That must be Analog Matt talking.  What have you done with Digital Matt?


----------



## Digital Matt (Jan 12, 2007)

Jazz said:


> Thank you all very much for the comments.
> 
> 
> Digital Matt said:
> That must be Analog Matt talking.  What have you done with Digital Matt?



Hehe, I explained what I meant by digital Matt a long time ago, but I guess nobody believed me.  There was a line in "Matrix" where they are training Neo in a simulation, and Morpheus tells him something to the effect of, "This is the digital representation of your analog self", or something like that.  When I'm online, that's just what I am, the digital representation of my analog self.  
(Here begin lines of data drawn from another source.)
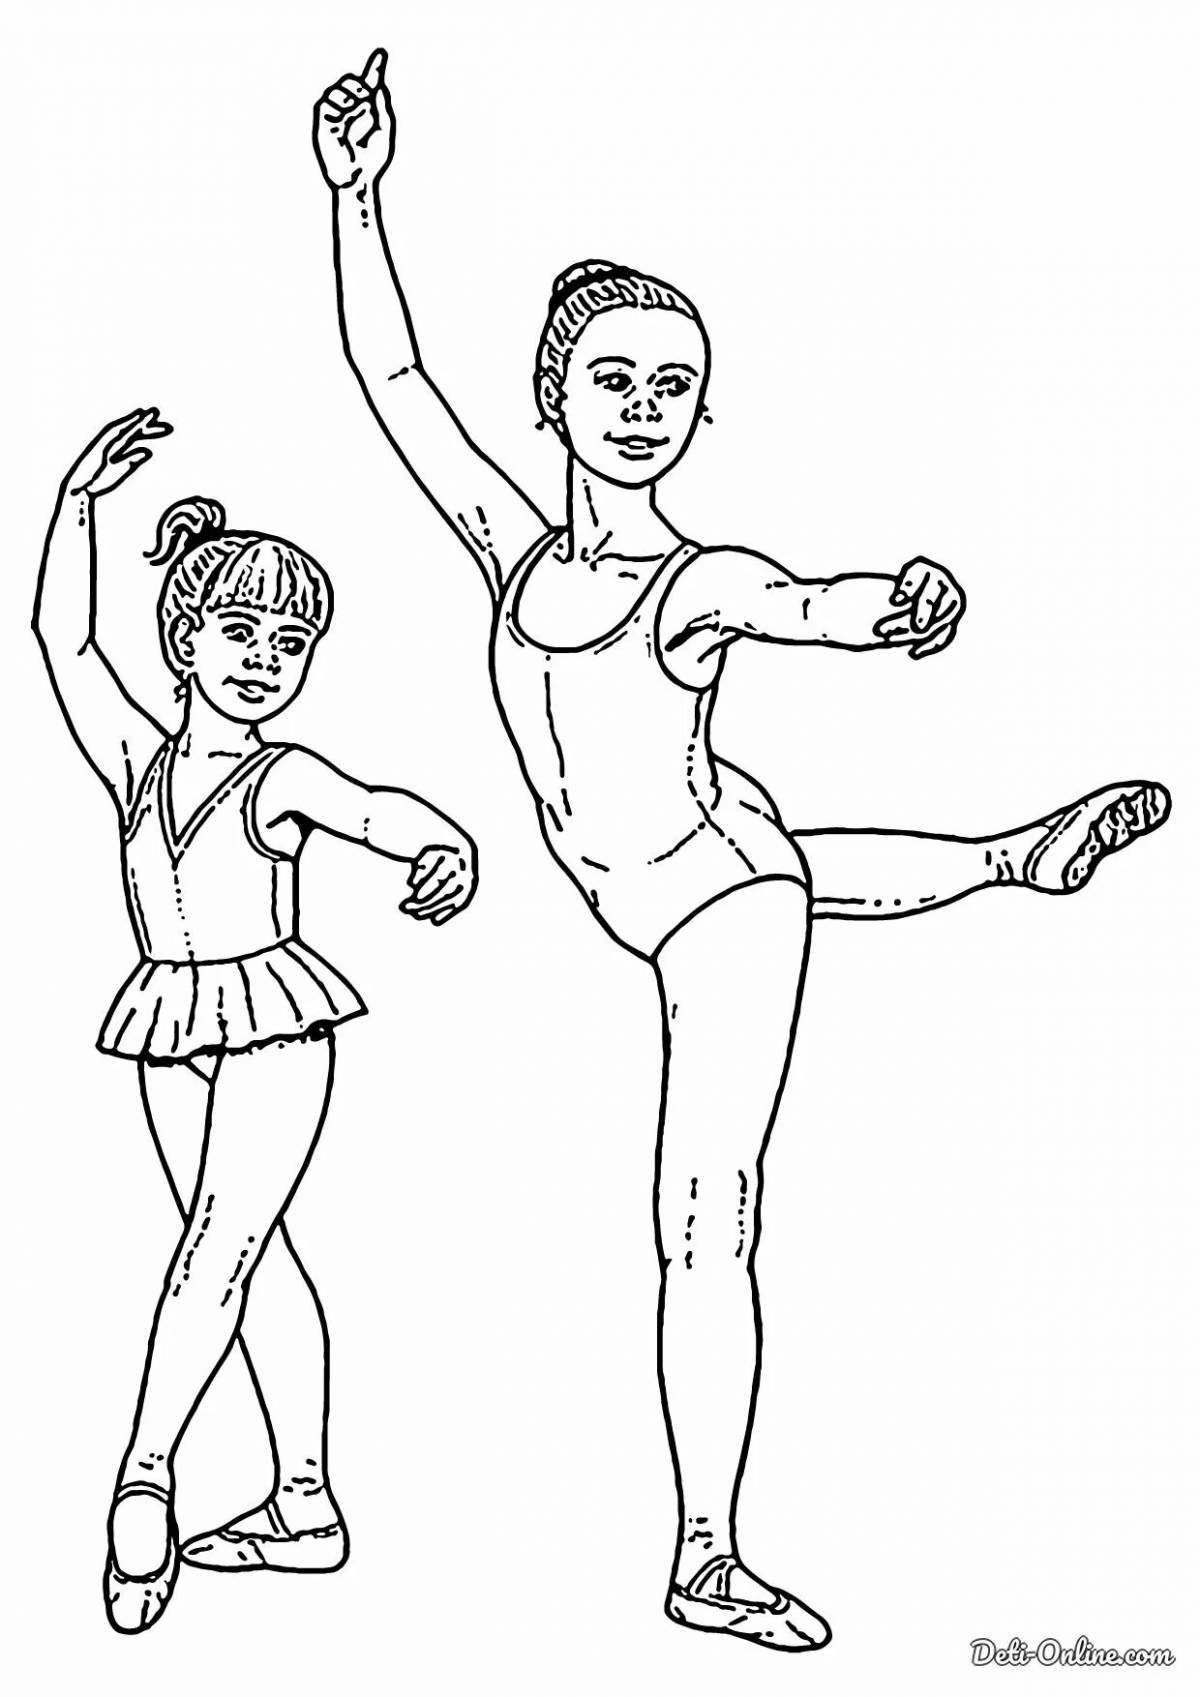 A fun gymnastics coloring book for girls
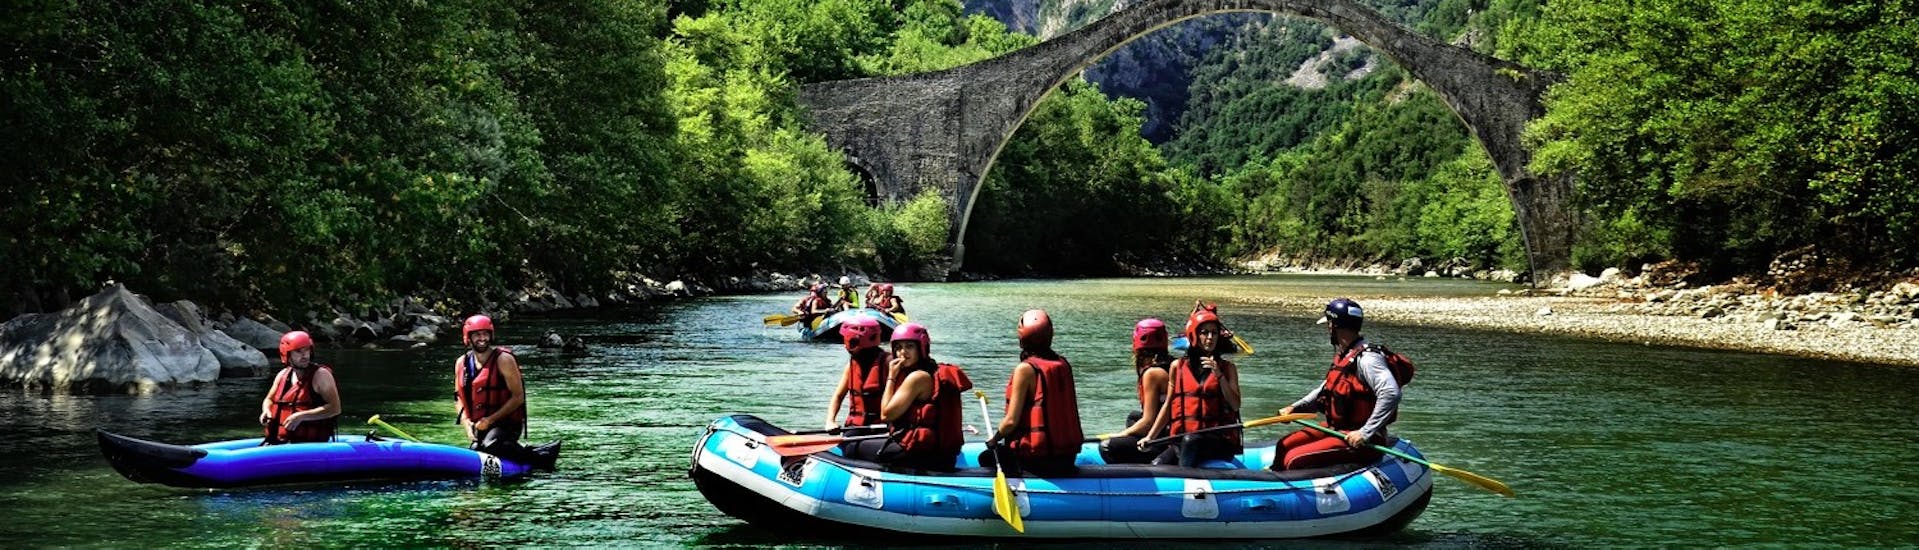 Rafting on the Arachthos Potamos River starting from Politsa’s Bridge.
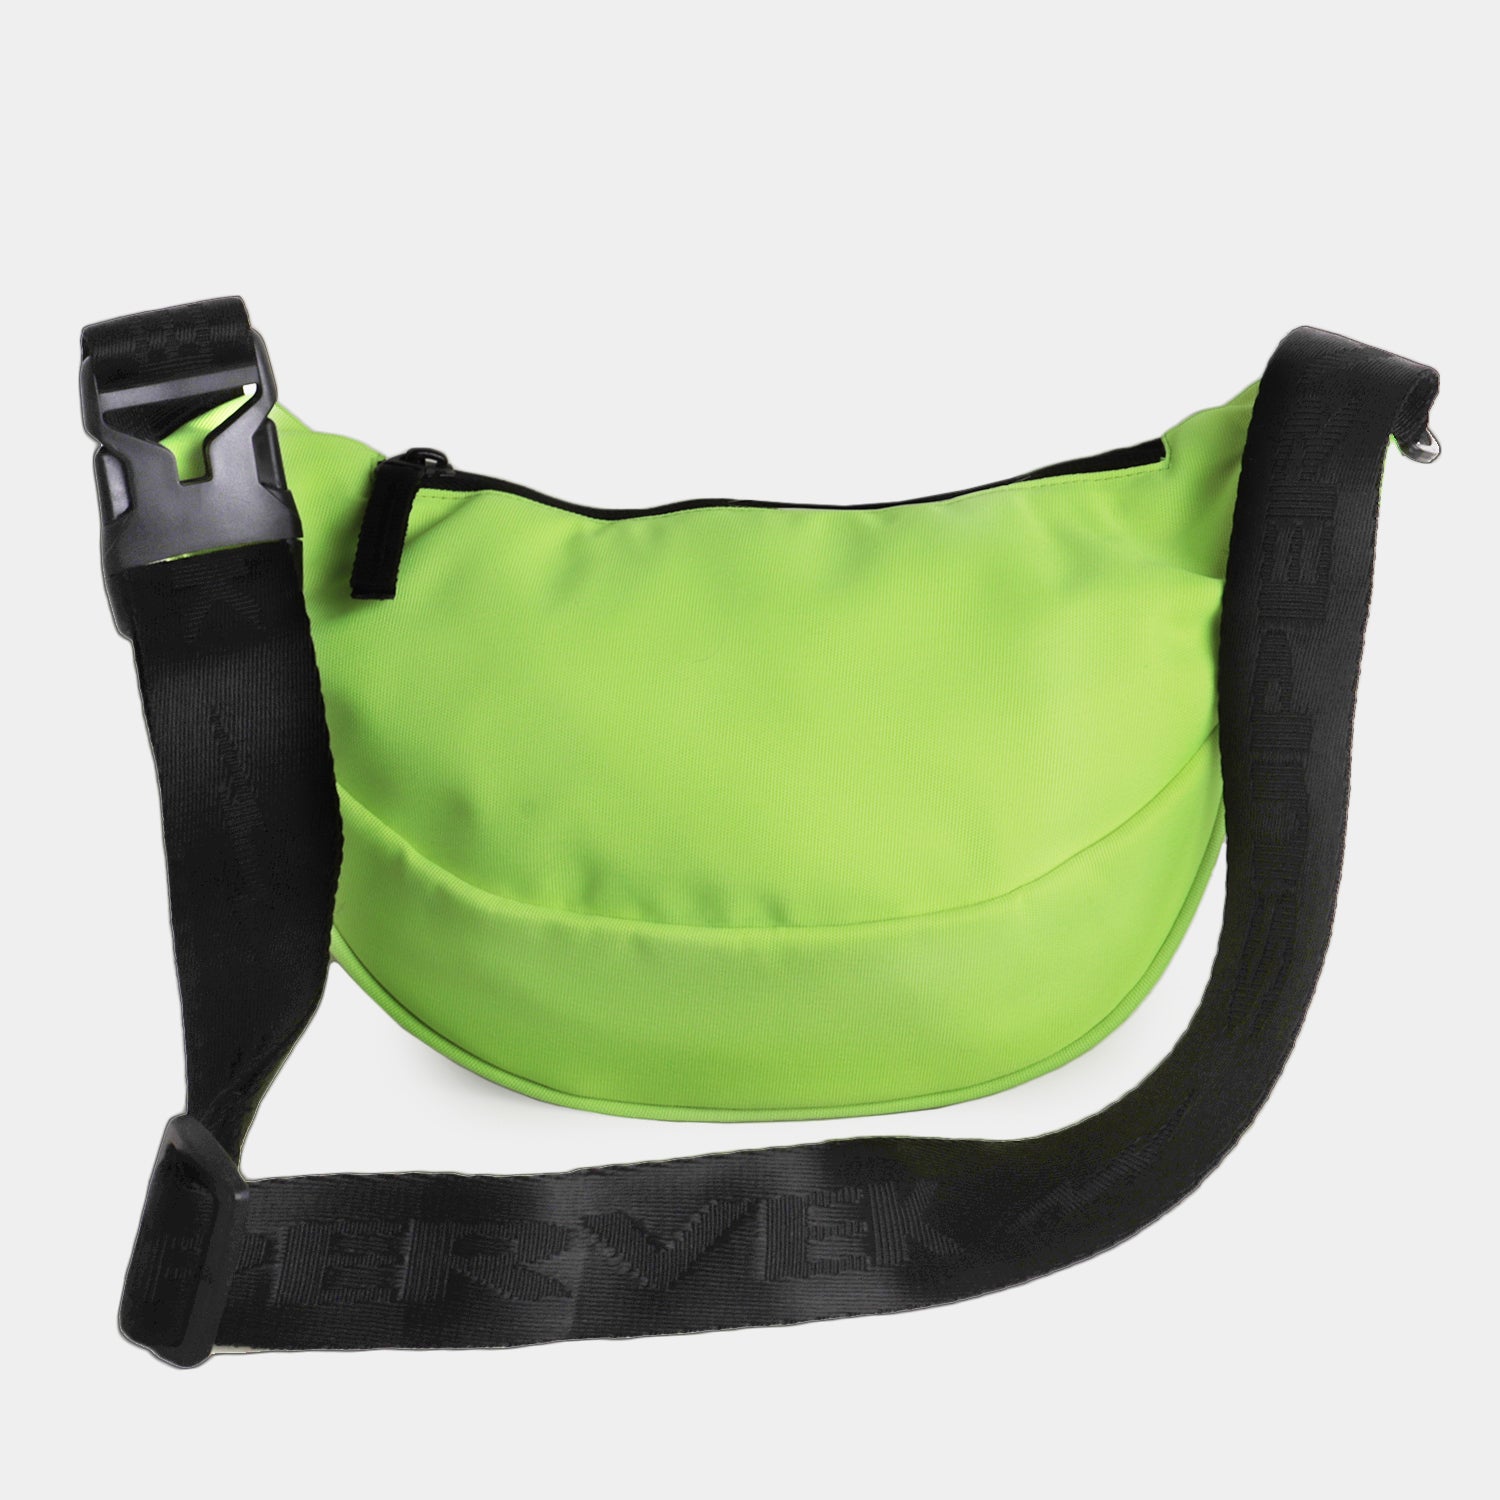 Supervek Crossbody Slinger - Vetric Lime - Urban Functional Fanny Hip Bag for Everyday Essentials - Back
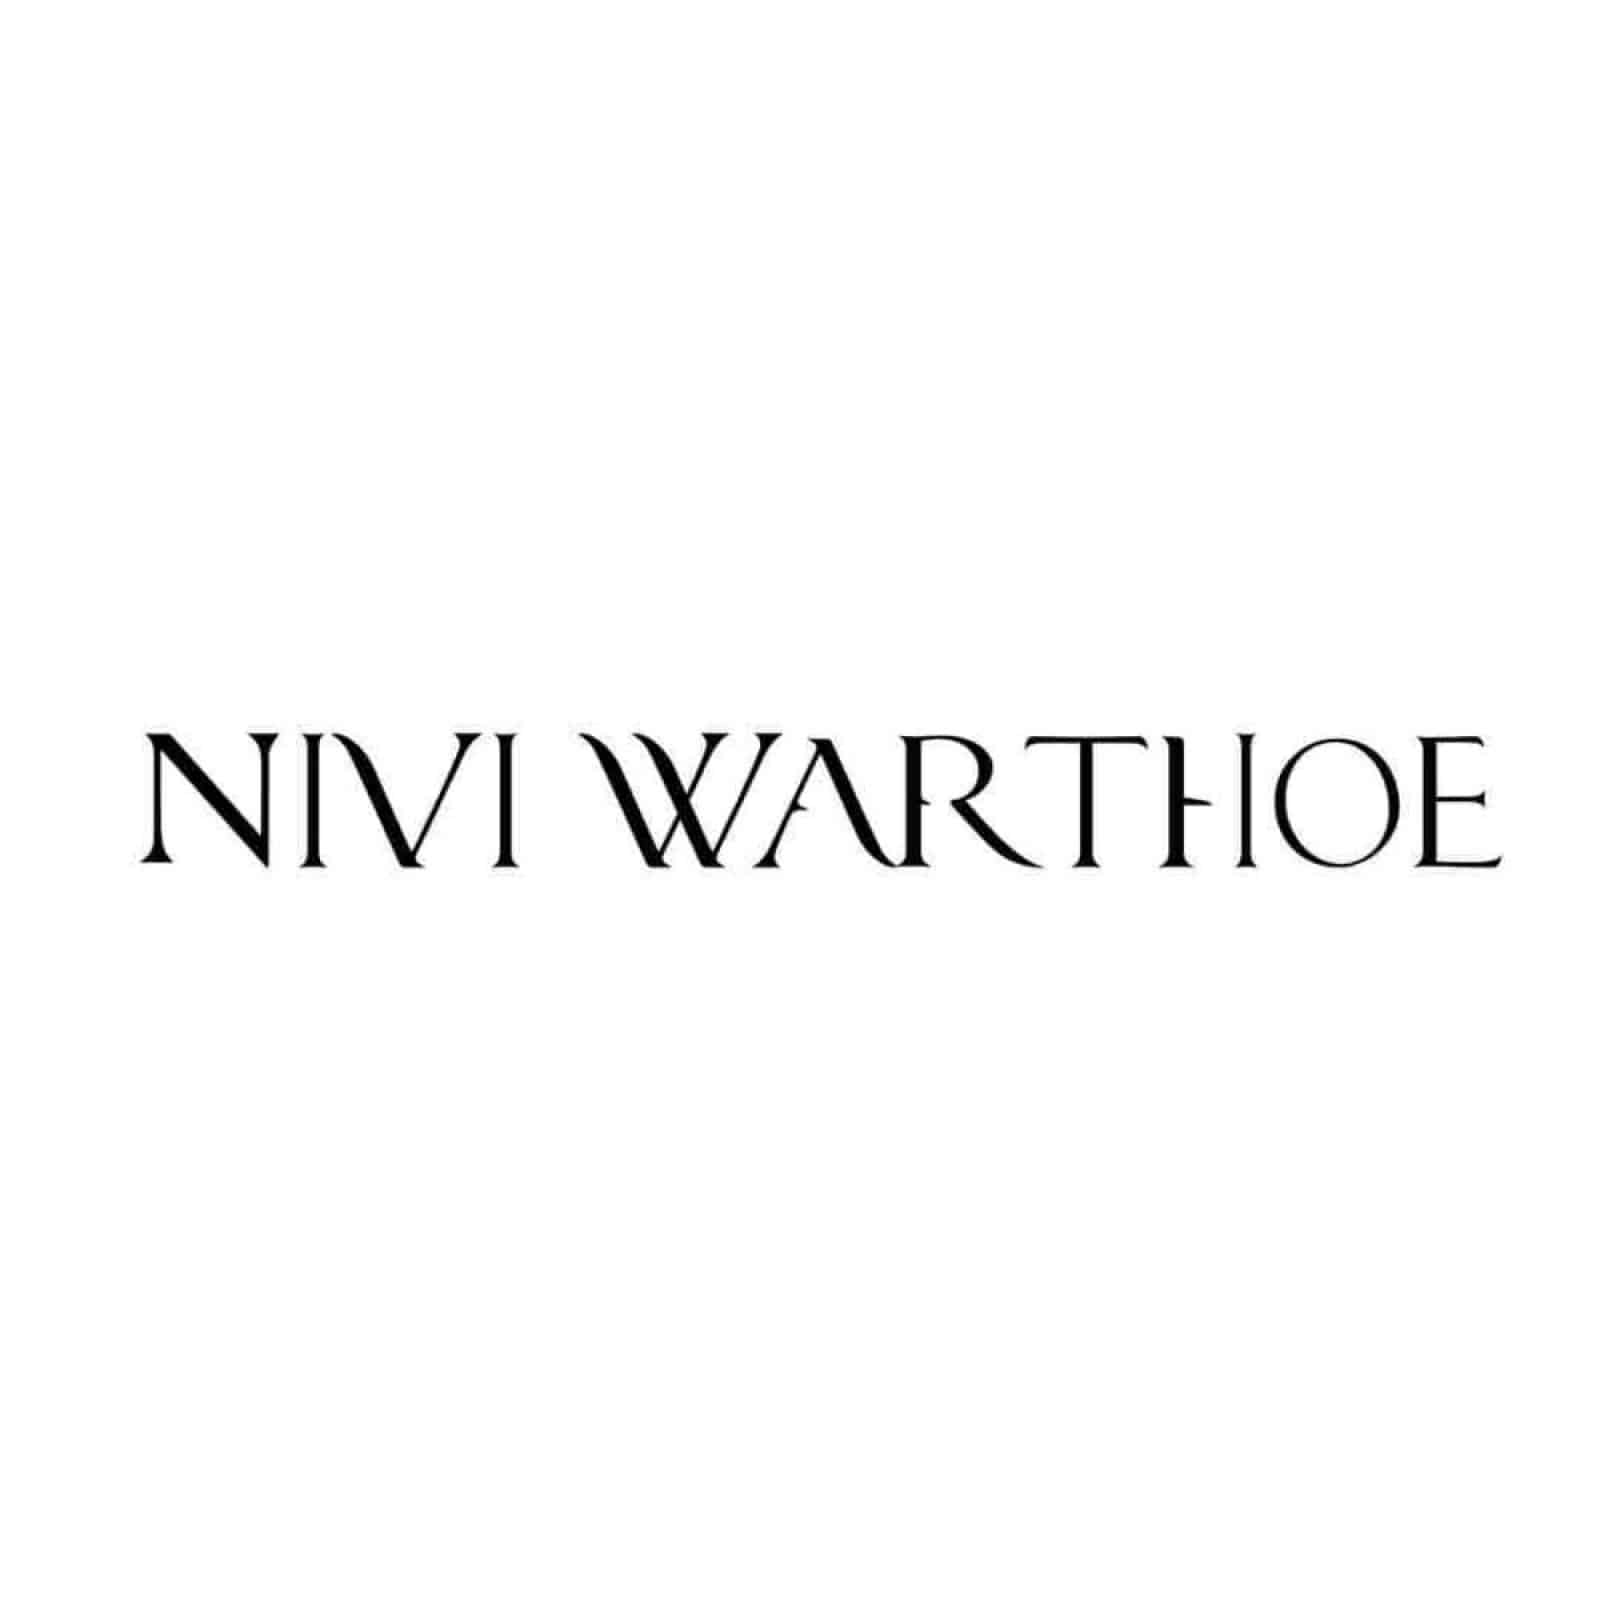 Nivi Warthoe

So yes, Digital Matt does shoot film, when he's his analog self.


----------



## JIP (Jan 12, 2007)

I really like the idea and it was well done I actually would like to see the shots bigger yet I really like that type of just straight up lighting an it really looks like you have a real diverse bunch of characters in your building but again it would be nice to see more detail


----------



## Jazz (Jan 13, 2007)

> So yes, Digital Matt does shoot film, when he's his analog self. ;-)


 :idea:  I get it now.



Thanks JIP.  (Sorry, but that's as big as it gets)


----------



## ClarkKent (Jan 14, 2007)

Nice idea there.  Love it


----------



## ShutteredEye (Jan 14, 2007)

What an impressive project, and very well executed.  Love it.  That's a pretty high turnout rate too!


----------



## JIP (Jan 14, 2007)

I know this is probably "lighting 101" but being pretty much a newbie when it comes to studio lighting how was this done I really like the simple straight up lighting.  Oh yeah and I can see the images better in the edit you made still nice.


----------



## Digital Matt (Jan 14, 2007)

JIP said:


> I know this is probably "lighting 101" but being pretty much a newbie when it comes to studio lighting how was this done I really like the simple straight up lighting.  Oh yeah and I can see the images better in the edit you made still nice.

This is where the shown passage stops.